Des bénéficiaires comme Fabrice, SDF depuis 10 ans. Il vit les conséquences directes du couvre-feu. “Mon quartier est super populaire d’habitude, Saint-Michel ça vit 24h/24. Là, il y a moins de contacts, beaucoup moins de contact. Il n’y a plus d’humanité, on ne discute pas… Vraiment, on est livré à nous-même”, assure-t-il. 

Un manque d’humanité jusque dans les choses les plus élémentaires. “Les sanitaires sont tous fermés. Ce n’est pas normal. Donc on fait entre les voitures après si ça ne plaît pas, tant pis”, indique-t-il. Alors l’équipe du Secours populaire tente de distribuer des sourires sur son passage et de remonter le moral des sans-abris. “Déjà, le confinement n’était pas facile, mais là, le couvre-feu n’arrange pas mes affaires”, assure-t-il. 

Plus de précarité ?

Jacques à 45 ans. Les Parisiens sont chez eux à 21h, ça fait moins de monde pour lui donner des pièces. “Les gens ont moins le temps de discuter, ils sont stressés, ils ont leurs problèmes. Du coup les revenus, c’est compliqué”, précise-t-il. 

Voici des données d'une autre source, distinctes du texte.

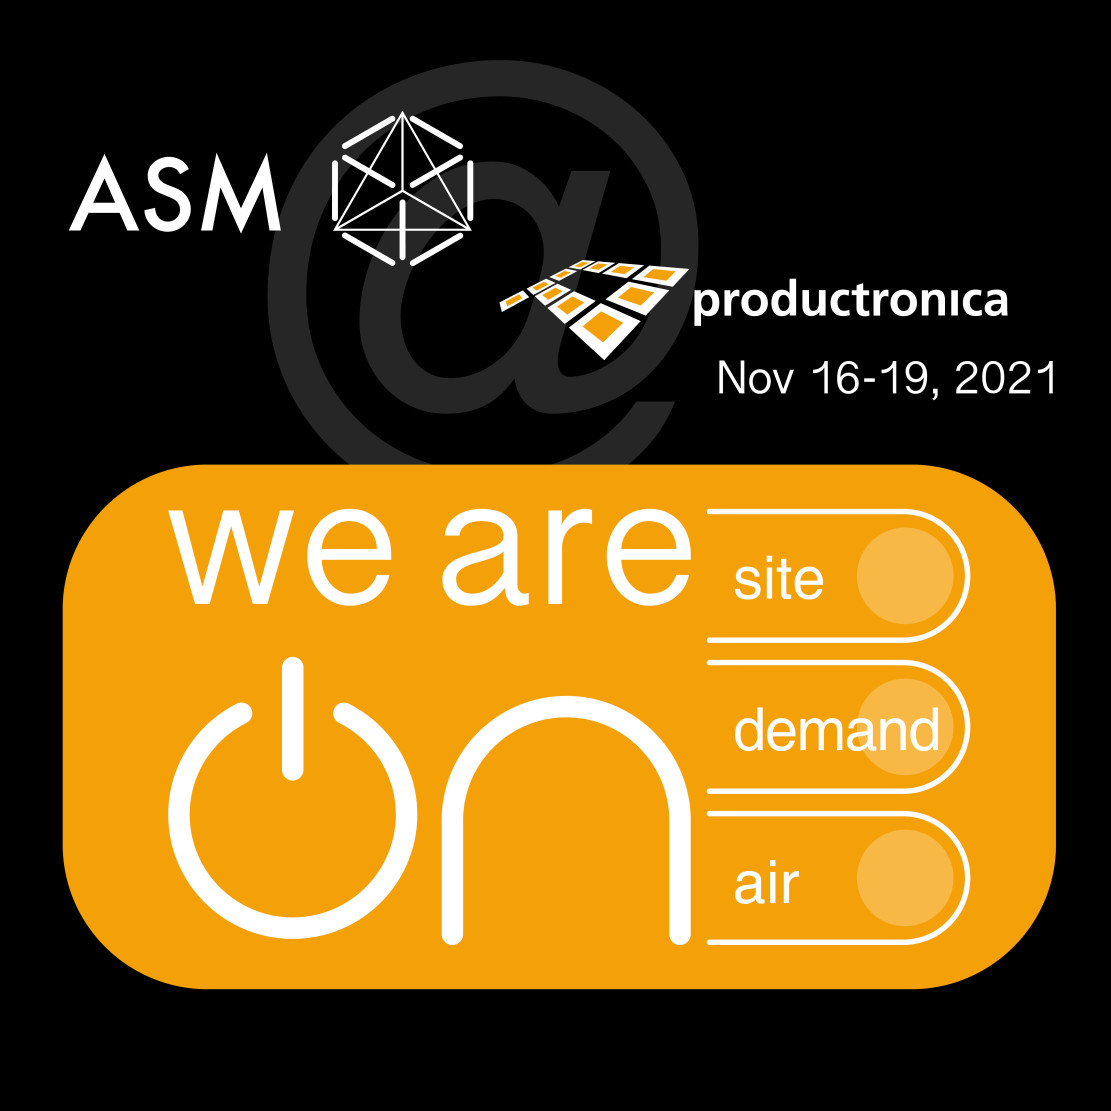 asm_to_feature_open_automation_concepts_at_productronica_2021_-_productronica_visual

Lucien, 54 ans est aussi SDF et avec la crise sanitaire, il craint pour la suite. “La soupe Saint-Eustache, elle est ouverte du 1er décembre au 31 mars. Et c’est la meilleure soupe de Paris. Alors si ça aussi, on nous l’enlève, ça va être pire”, estime-t-il. Il s’inquiète aussi que la situation se dégrade encore plus. 

“Depuis cet été, on voit des gamines de 20-25 ans qui dorment sur le boulevard et des petits vieux qui fouillent les poubelles pour manger. Qu'est-ce qui se passe ? Qu’est-ce qu’il fait notre gouvernement ? Il est en train de créer une nouvelle génération de pauvres. C’est terrible”, appuie Jacques. 

Dans son baromètre annuel publié le mois dernier, le Secours populaire met en garde contre une flambée de la précarité. Parmi les nouveaux bénéficiaires pendant le confinement, 45% était inconnu jusque-là de l’organisation.